If we explore the behavior of glomerular filtration rate estimation by equations in the pregnant state we can conclude:

  • The MDRD equation significantly underestimates the estimation of the glomerular filtration rate in both healthy pregnant women and pregnant women with pre-eclampsia [4]. It is not sensitive enough to be used as a screening test for kidney disease in this population. Compared to inulin clearance, MDRD underestimates GFR in pregnancy by up to 41 ml/min per 1.73 m2 [3] so clinical guidelines advise against its use in pregnancy [8].
  • Estimation of glomerular filtration rate in pregnant women with pre-eclampsia does not provide a reliable result of renal function. A new equation, the preeclampsia GFR (PGFR) formula, has been developed for women with pre-eclampsia at 24 weeks gestation and requires.
  • further study to assess whether it is more accurate in assessing GFR in these clinical circumstances than known equations (Cockcroft Gault, MDRD, or CKD-EPI) [12].
  • Estimated glomerular filtration rate (eGFR) derived from CKD-EPI compared to GFR assessment by inulin clearance underestimates formal GFR by up to 20% in pregnancy [13]. When comparing glomerular filtration rate estimation in pregnant women using CKD-EPI with the measurement of glomerular filtration rate in 24-hour urine, CKD-EPI had a bias of 14.2 ml/min/1.73 m2 [14].
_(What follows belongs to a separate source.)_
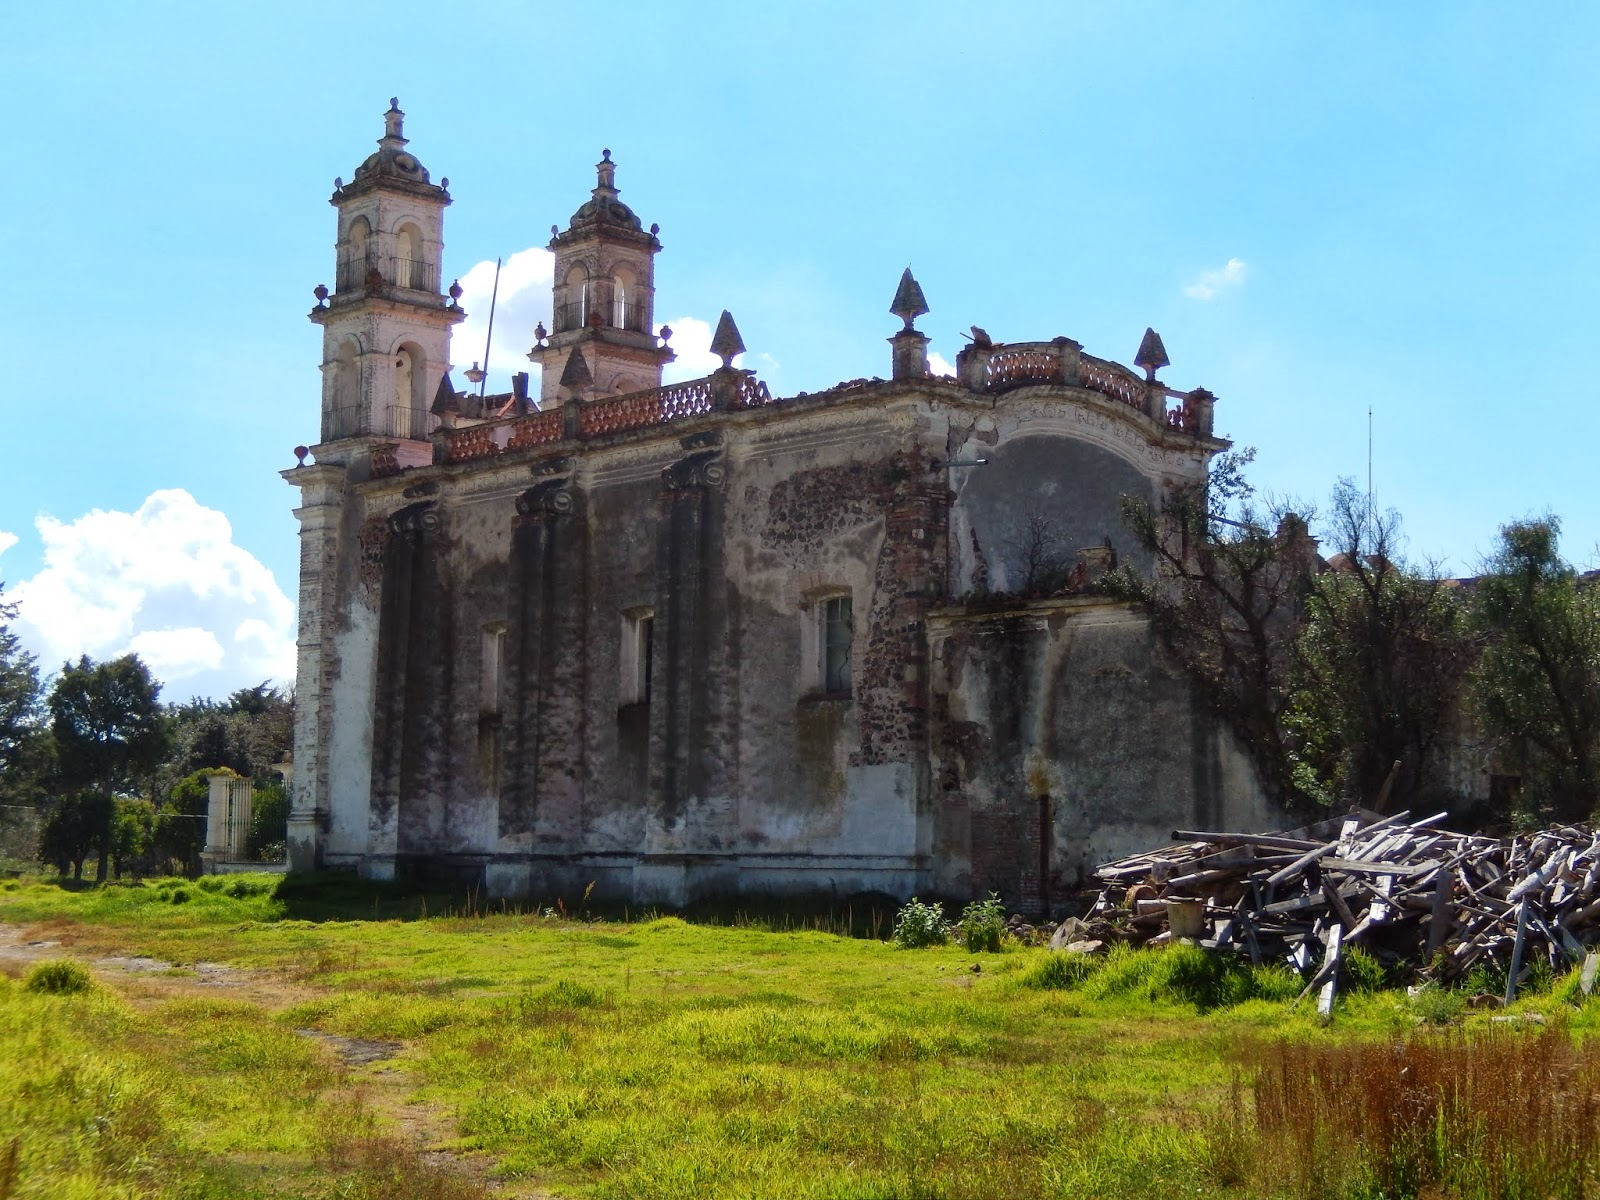 iglesia, ruinas, emiliano zapata, hidalgo, mexico

  • A recently formulated estimation equation, the Nanra equation, seems a priori to guarantee an adequate estimation of glomerular filtration rate for pregnant women, given that in its development it ignores body weight, which is highly variable during pregnancy and introduces the variable height. However, studies comparing the estimation of glomerular filtration rate in pregnant women using the Nanra equation and glomerular filtration rate obtained by creatinine clearance in 24-hour urine did not show appropriate concordance [14].
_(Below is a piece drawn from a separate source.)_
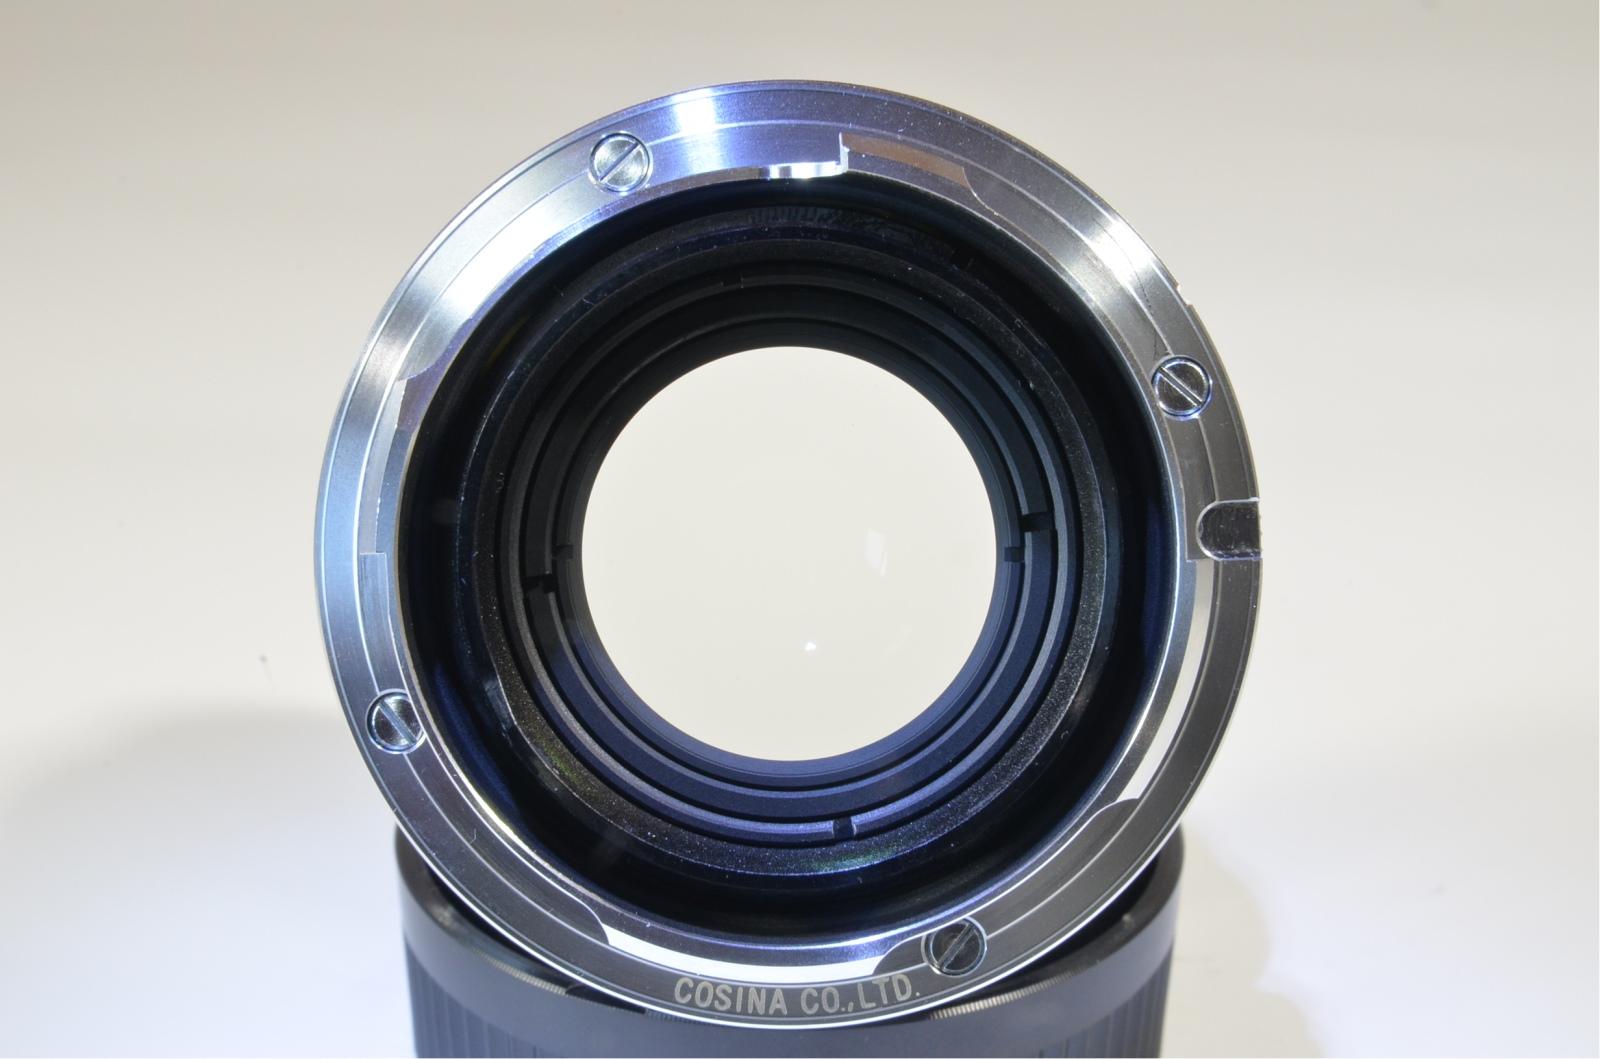 voigtlander nokton 50mm f1.5 aspherical vm for leica

Reasonable doubt in these studies is raised by the fact of using creatinine clearance in 24-hour urine as a comparator to verify the behavior of the filtration equation. This system alone offers enormous intraindividual and interindividual variability.

Based on existing evidence, the Clinical Practice Guideline on Renal Disease in Pregnancy recommends that: “Renal function in pregnancy should be assessed by serum creatinine levels as estimated GFR (eGFR) is not valid for use in pregnancy (grade of evidence 1C)” [11]. This recommendation is reinforced by the fact that adverse events during pregnancy can be predicted based on creatinine levels stratified by gestational age [15].